I often wonder what it would be like to have a conversation with a person I feared would be sentenced to an eternity of horror.
Such a conversation would make me sad. It'd be like talking to a wrongly convicted death row inmate.
I'd ask them, "If your existence will be one of misery for thousands and thousands of years, why don't you take this short opportunity we call life to go crazy. Eat all you want, drink all you want - just go nuts, 24/7. Since things will be a lot better for me after I die, I'm going to rest up in preparation for all the good times and frivolity the afterlife will provide, so thankfully I don't have to live the rest of my life as if it were akin to a last meal."
I can't emphasize how pleasurable it is to talk to an individual about religion without fear that, if I don't convince him or her that my beliefs are correct, they'll forever rot in hell despite the fact that they're a person filled with decency and morality.
So let's examine what life would be like if religious people didn't believe in different outcomes for different faiths.
I think it's safe to say that church parking lots wouldn't be overflowing on Sunday mornings if nobody feared what's on the other side. Perhaps there would be no churches.
If only religious people claimed, "We think our god is the only true god. In fact, our god is so cool that if you don't believe he's the one true god, he'll still allow you to stay with him after your time on earth is through because he loves everybody. Not, 'loves everybody, but if you don't believe in him, will send you to hell, loves everybody,' rather, 'loves everybody, will let all humane persons bunk with him in the afterlife, loves everybody.'"
If that were the case, there would be no big three religions.
A few lost souls would still cling onto to Jim Jones type individuals promising a heaven beyond their wildest expectations, but the people content with life would make the decision to only concentrate on the things over which they have control.
They would focus on enjoying life, helping others, and studying historically accurate facts.
They would think, "If none of the proposed gods give a flying whit whether or not I believe in him, yet one of them is actually the true god, it means he probably wants me to focus on how I can benefit humanity instead of racking my brain in search of answers to questions I can't comprehend."
From the beginning it was never about the truth; it's always been about control.
Throughout history, the church elders have never really cared what you believed; they only cared that you followed their life instructions to a tee.
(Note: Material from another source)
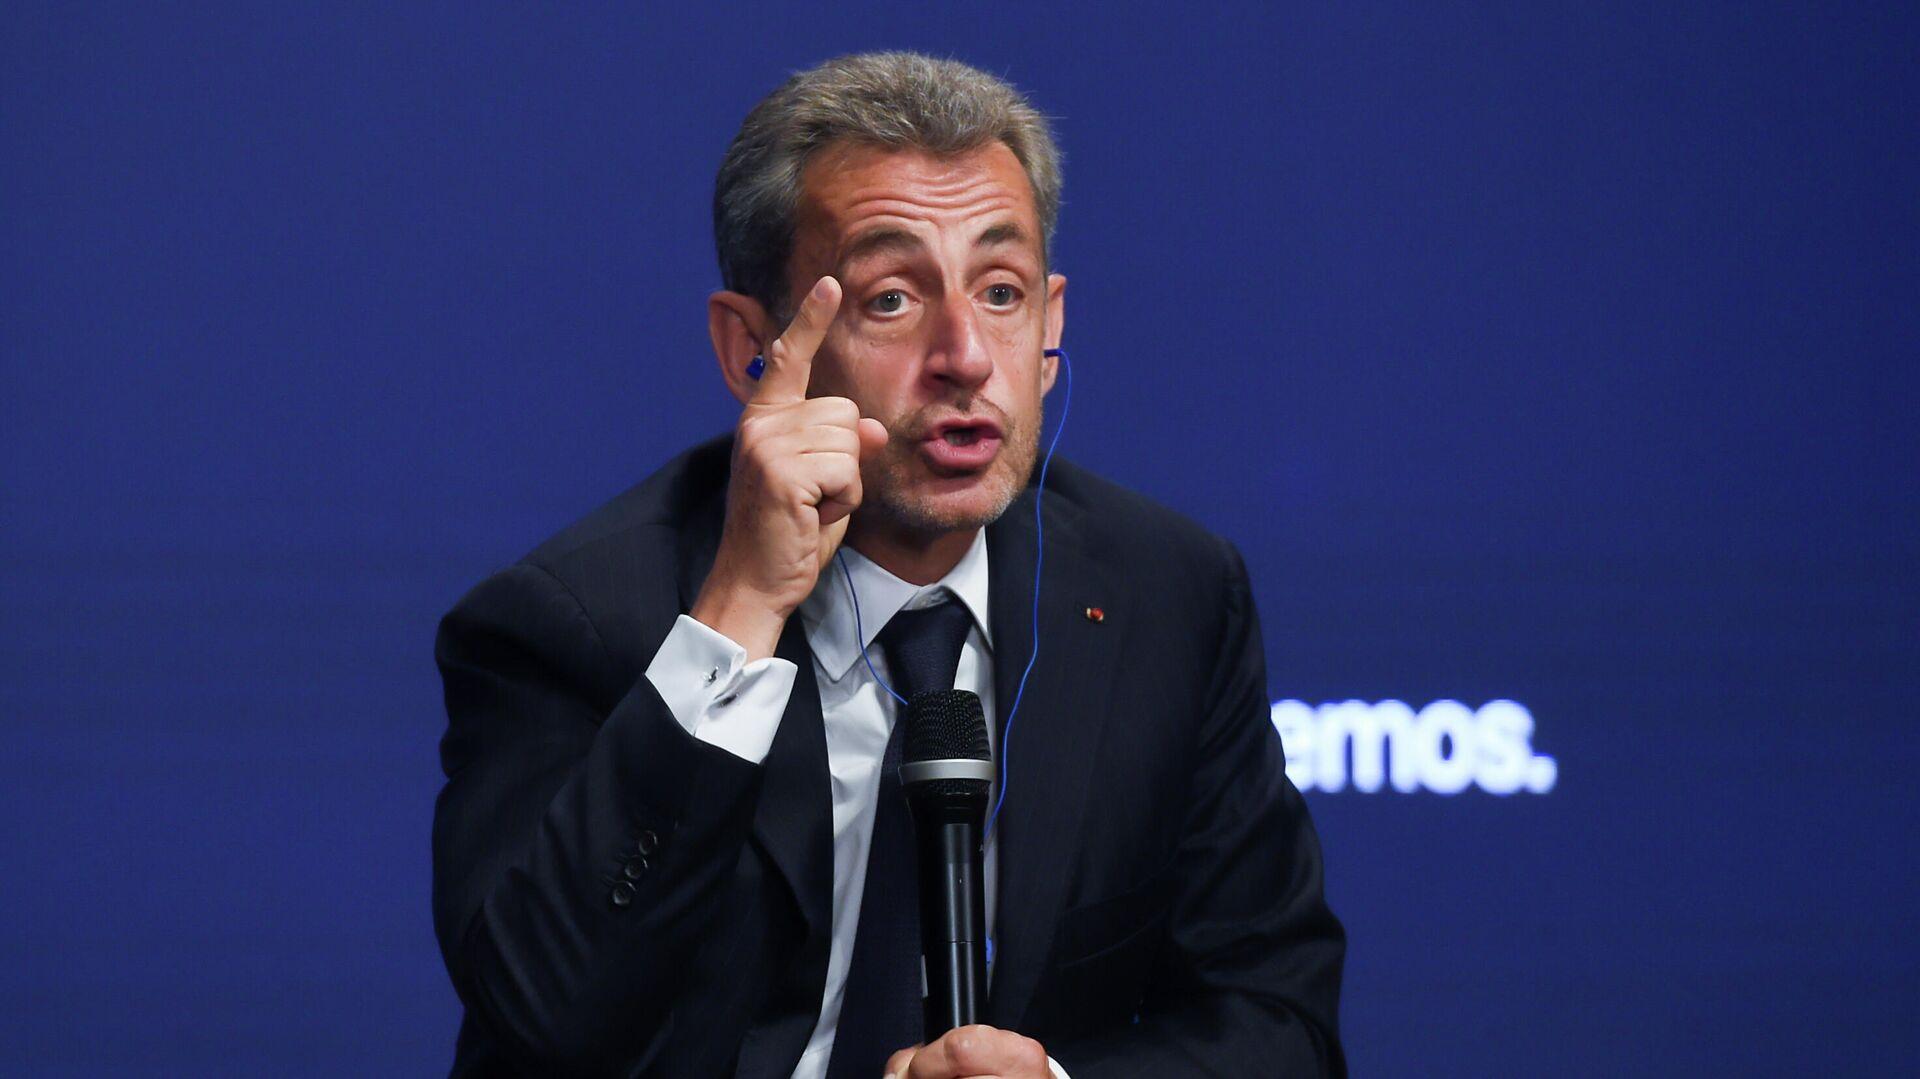 El expresidente de Francia Nicolas Sarkozy, durante la mesa titulada 'La sociedad abierta y sus enemigos', en el marco de la tercera jornada de la Convención Nacional del PP - Sputnik Mundo, 1920, 30.09.2021

I'm sure a few higher-ups were believers, but regardless of their thoughts on god and his teachings, their main objective was to control your life.
Unless you were convinced at young age to believe such a tale was factual, wouldn't you consider fishy a story about a man saying to another man, "Should you choose not to believe in the god I insist is the only real god, and should you choose not to live exactly as I say, based on said god's specific instructions as previously relayed to me, he will not welcome you into his kingdom of perfection."?
If that wasn't fishy enough, the stranger would then list contradictory rules with seemingly no standards.
But in simpler times such stories must have seemed plausible, because religion grew and grew.
Had ancient people enough sense to reject these so-called human conduits to god, millions of people who devoted their lives to destroying other religions could have focused on the betterment of all mankind, leading to a superior world.